We’ll keep learning about classes, objects and methods. I want to re-emphasize, though, that you’ve seen this before. We’ve called methods on lists, sets, etc. For instance, `l.append(2)`. What we’re seeing now is how to add methods to our custom objects!
## The `__init__` method <A name="init"></A>
Up until now we’ve been using the dataclasses library to make our custom datatypes work more like Pyret's. But from this point on, we will generally not use it unless we need to, so that we can see how Python’s objects work.

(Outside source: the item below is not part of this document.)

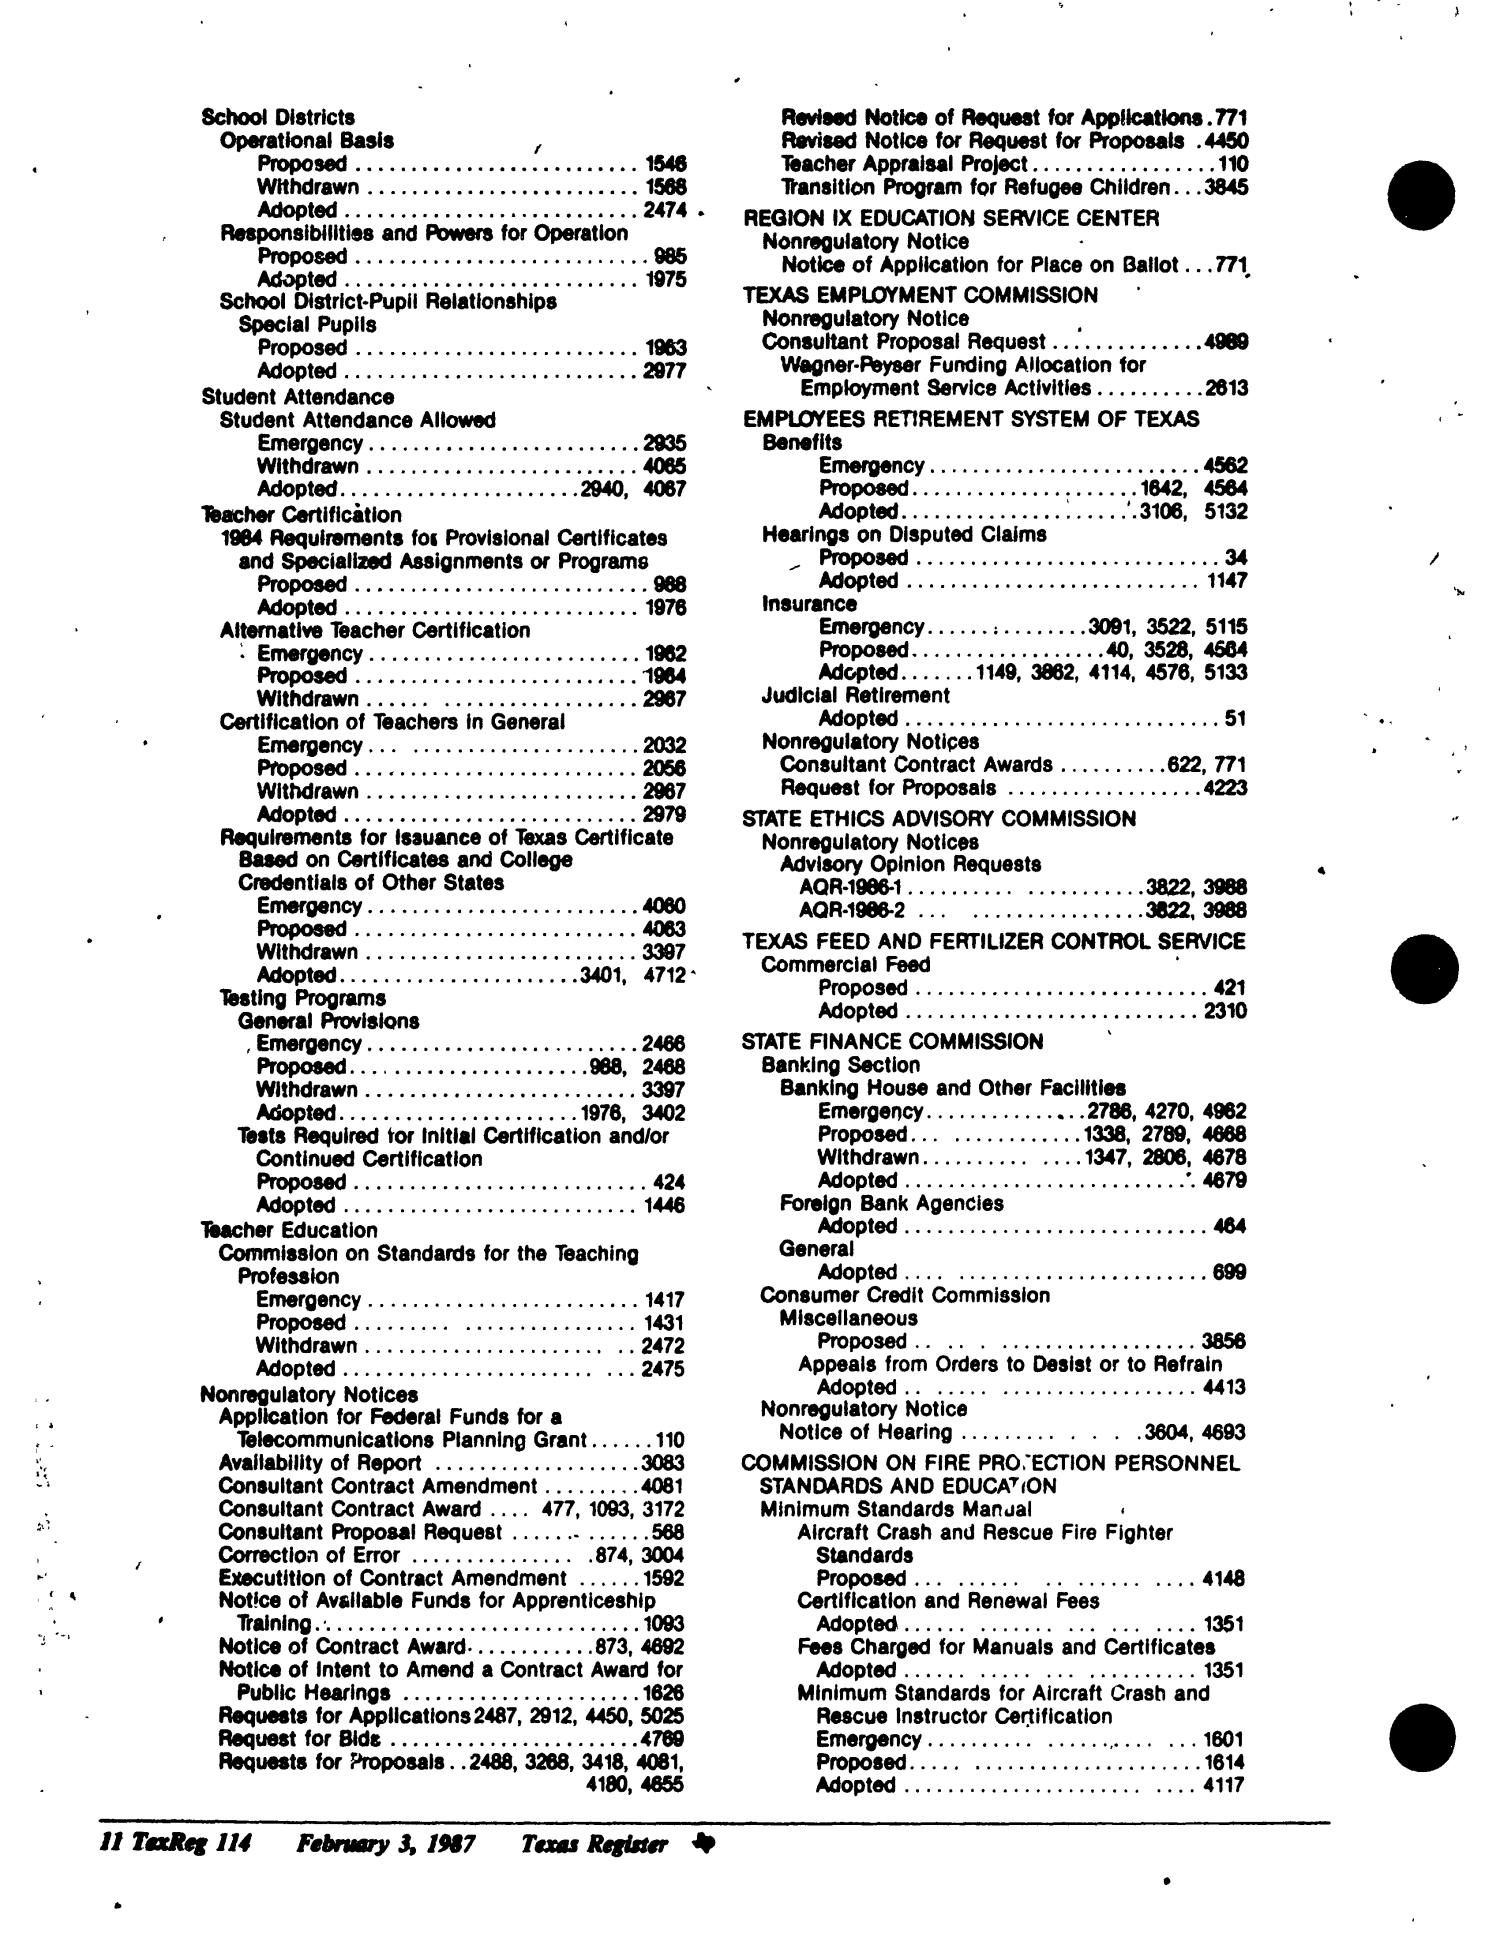 Texas Register: Annual Index January - December 1986, Volume 11 Numbers [1-96] - pages 104-157, February 3, 1987
                                                
                                                    114

One of the features that `@dataclass` gives us is easy initialization: e.g., because `HTMLTree` is a dataclass, we can easily create `HTMLTree` objects by writing `HTMLTree(...)` where the `...` gives a tag, a child list, and an optional text field. The `HTMLField` function is called a _constructor_ or an _initializer_.
Non-dataclass objects need you to define their constructor yourself! To do this, we’ll define `__init__()` methods to initialize data on objects:
```python
class DJData:
def __init__(self):
self.queue = []
self.num_callers = 0
def request(self, caller: str, song: str) -> str:
self.queue.append(song)
self.num_callers += 1
if self.num_callers % 1000 == 0:
return "Congrats, " + caller + "! You get a prize!"
else:
return "Cool, " + caller
```
Python calls the `__init__` method in order to initialize an object’s fields when it is created. We can construct instances of the DJData class like this:
```python
> the_dj = DJData()
> the_dj.request("Tim", "Paper Bag")
"Cool, Tim"
```
Note that this gives us a bit more control over how fields are initialized. We could do anything we'd like inside `__init()__`: print things, run algorithms automatically, send email messages, etc.